I would say
response ~ brightness+duration+(duration|subject)
would probably be a little better. (The simpler (1|duration:subject) model is not necessarily wrong, but might be oversimplified. If I were a peer reviewer of this work I would certainly ask for a justification of the simpler model ...) The (duration|subject) model is a "random-slopes" model, more or less (although if you have coded duration as a categorical (factor or ordered factor) variable the thing that varies randomly among subjects is not a slope per se, but a between-duration difference).
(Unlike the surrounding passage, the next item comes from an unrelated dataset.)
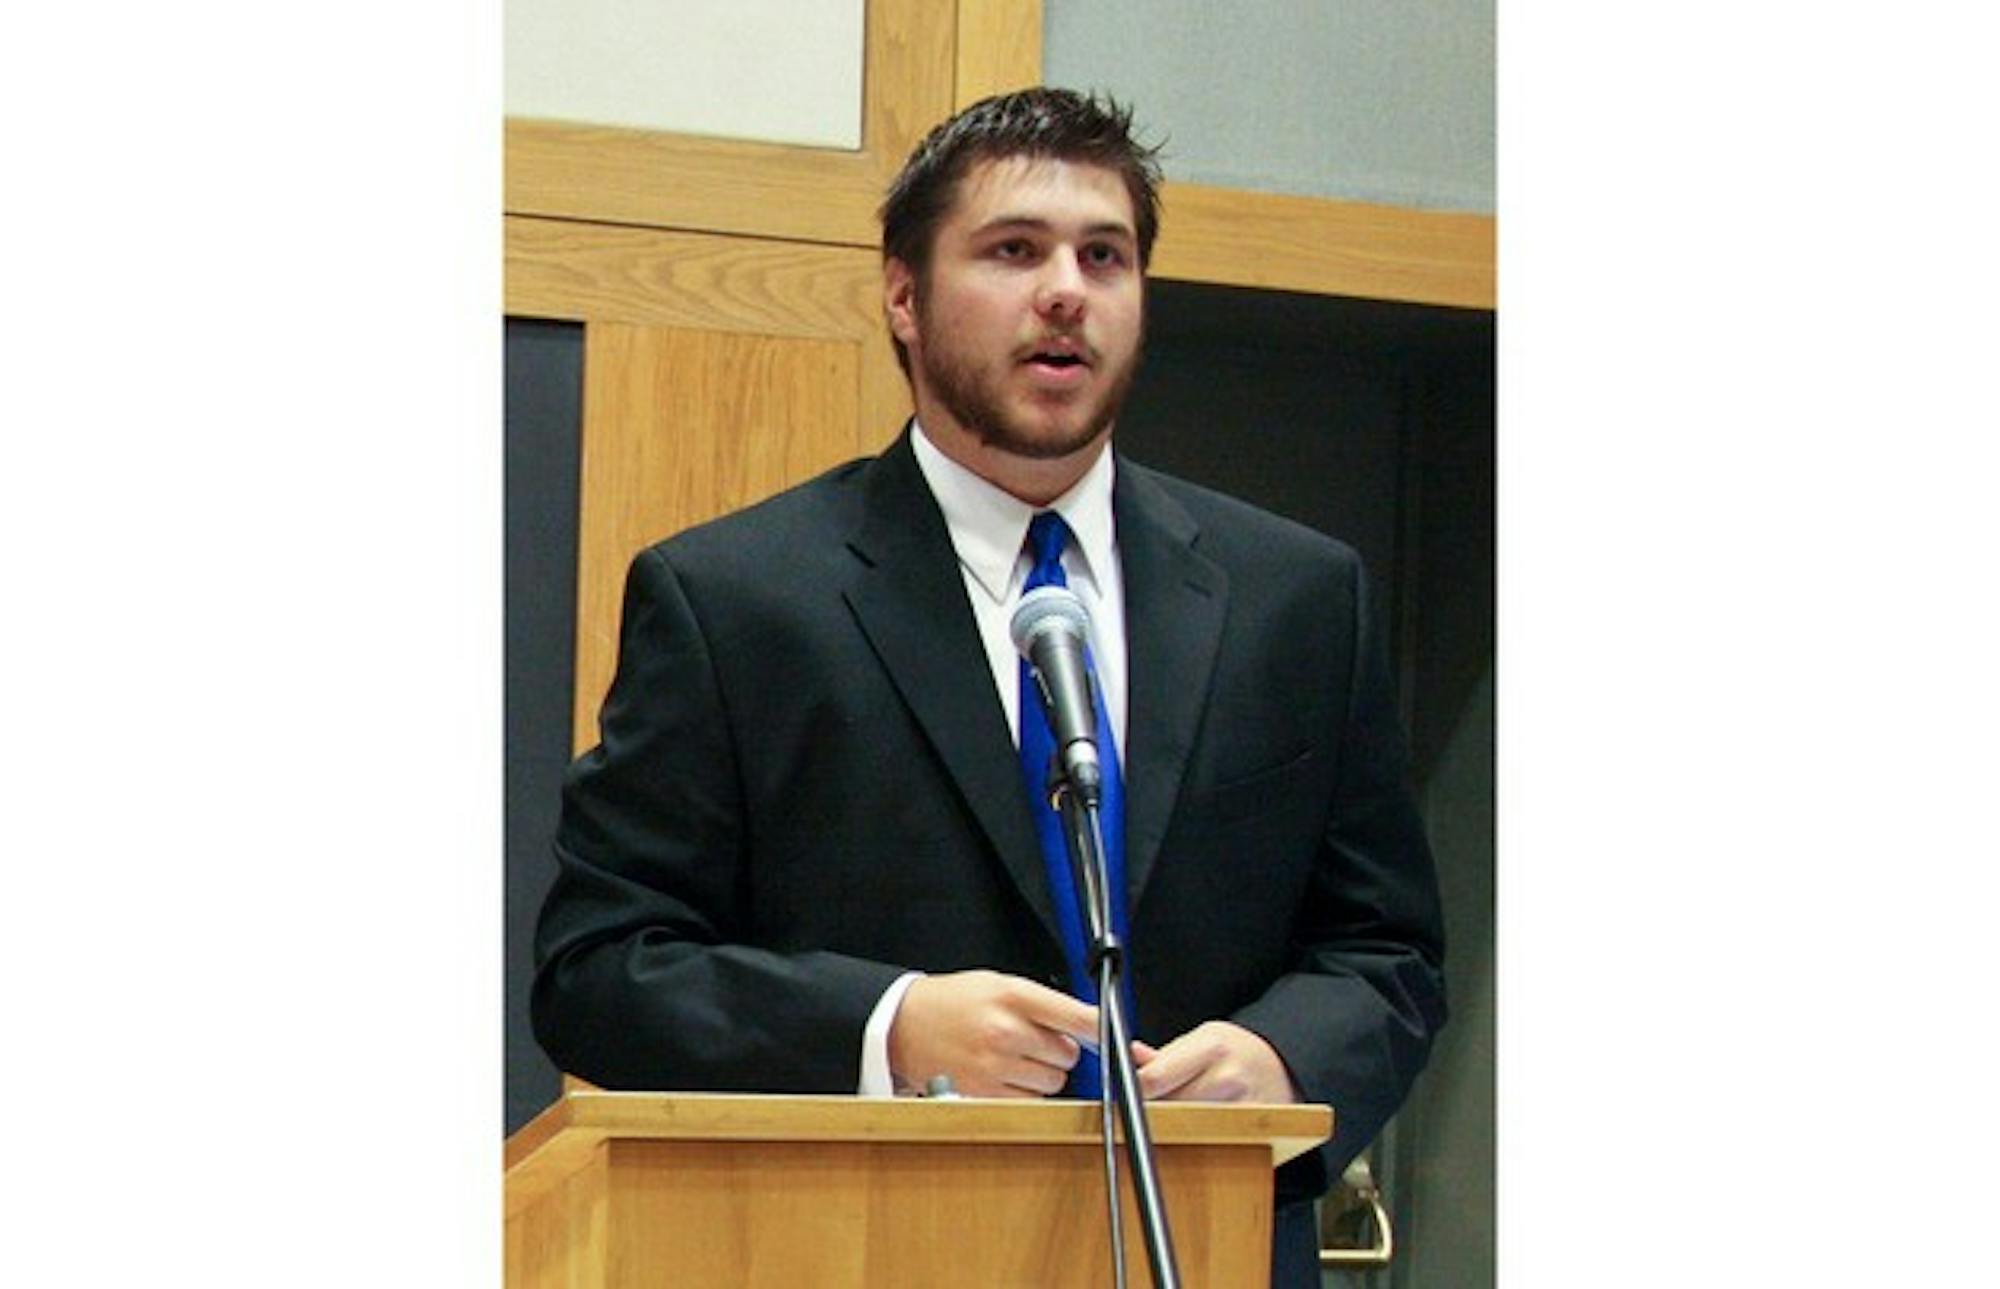 Tay Stevenson '10 received his party's endorsement in the Minnesota District 12 state Senate race.

The specification you have ((1|subject:duration)) assumes all subject-duration effects are drawn from a single (iid) Normal distribution; (duration|subject) assumes that the duration effects for a single individual are drawn from a $3 \times 3$ multivariate Normal distribution.
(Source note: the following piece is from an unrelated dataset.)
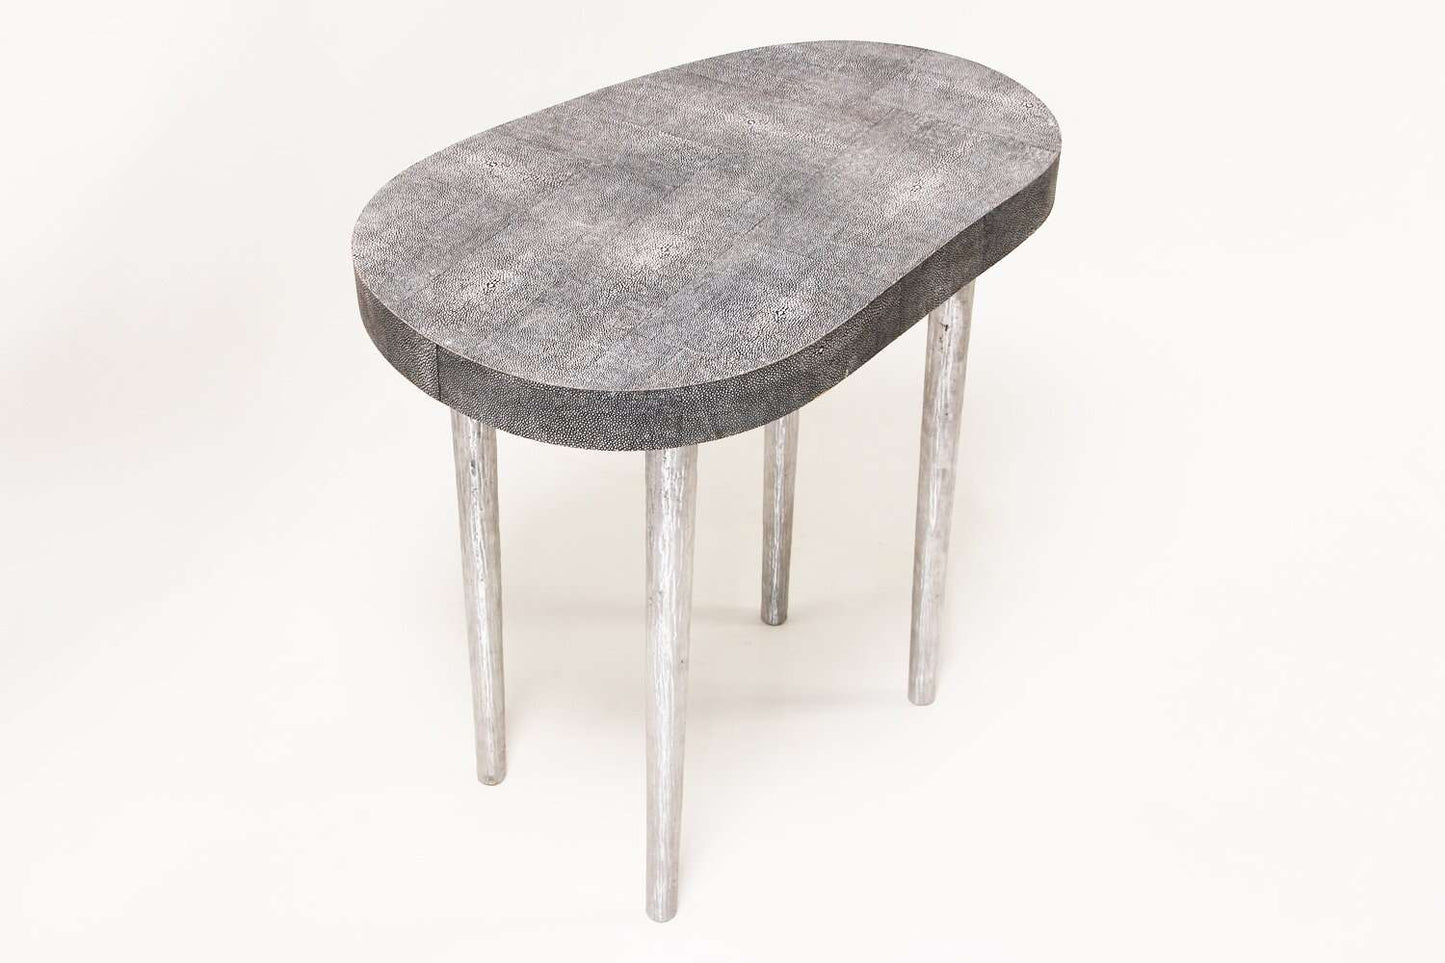 Mango Side Table in Charcoal Shagreen

More precisely: comparing the random effect specification (1|subject:duration) gives the model for the conditional modes/BLUPs of subject $s$ for duration $d$ (or duration effect $d$, depending on how the model is parameterized)
$$
b_{sd} \sim \textrm{Normal}(0,\sigma_{sd}^2)
$$
whereas (duration|subject) gives
$$
\begin{split}
b_{s\cdot} & \sim \textrm{MVN}( \mathbf 0,\Sigma) \\
\Sigma & = \left(
\begin{array}{ccc}
\sigma^2_1 & \sigma_{12} & \sigma_{13} \\
\sigma_{12} & \sigma^2_{2} & \sigma_{23} \\
\sigma_{13} & \sigma_{23} & \sigma^2_3 \\
\end{array}
\right)
\end{split}
$$
i.e., the different duration levels each have different among-subjects variances, and the among-subject variation in different duration levels is correlated ($\Sigma$ is a general symmetric positive (semi)definite matrix). To get back to the previous model you would need to restrict $\sigma_1^2=\sigma_2^2=\sigma_3^2=\sigma_{sd}^2$ and all of the off-diagonal elements would be zero.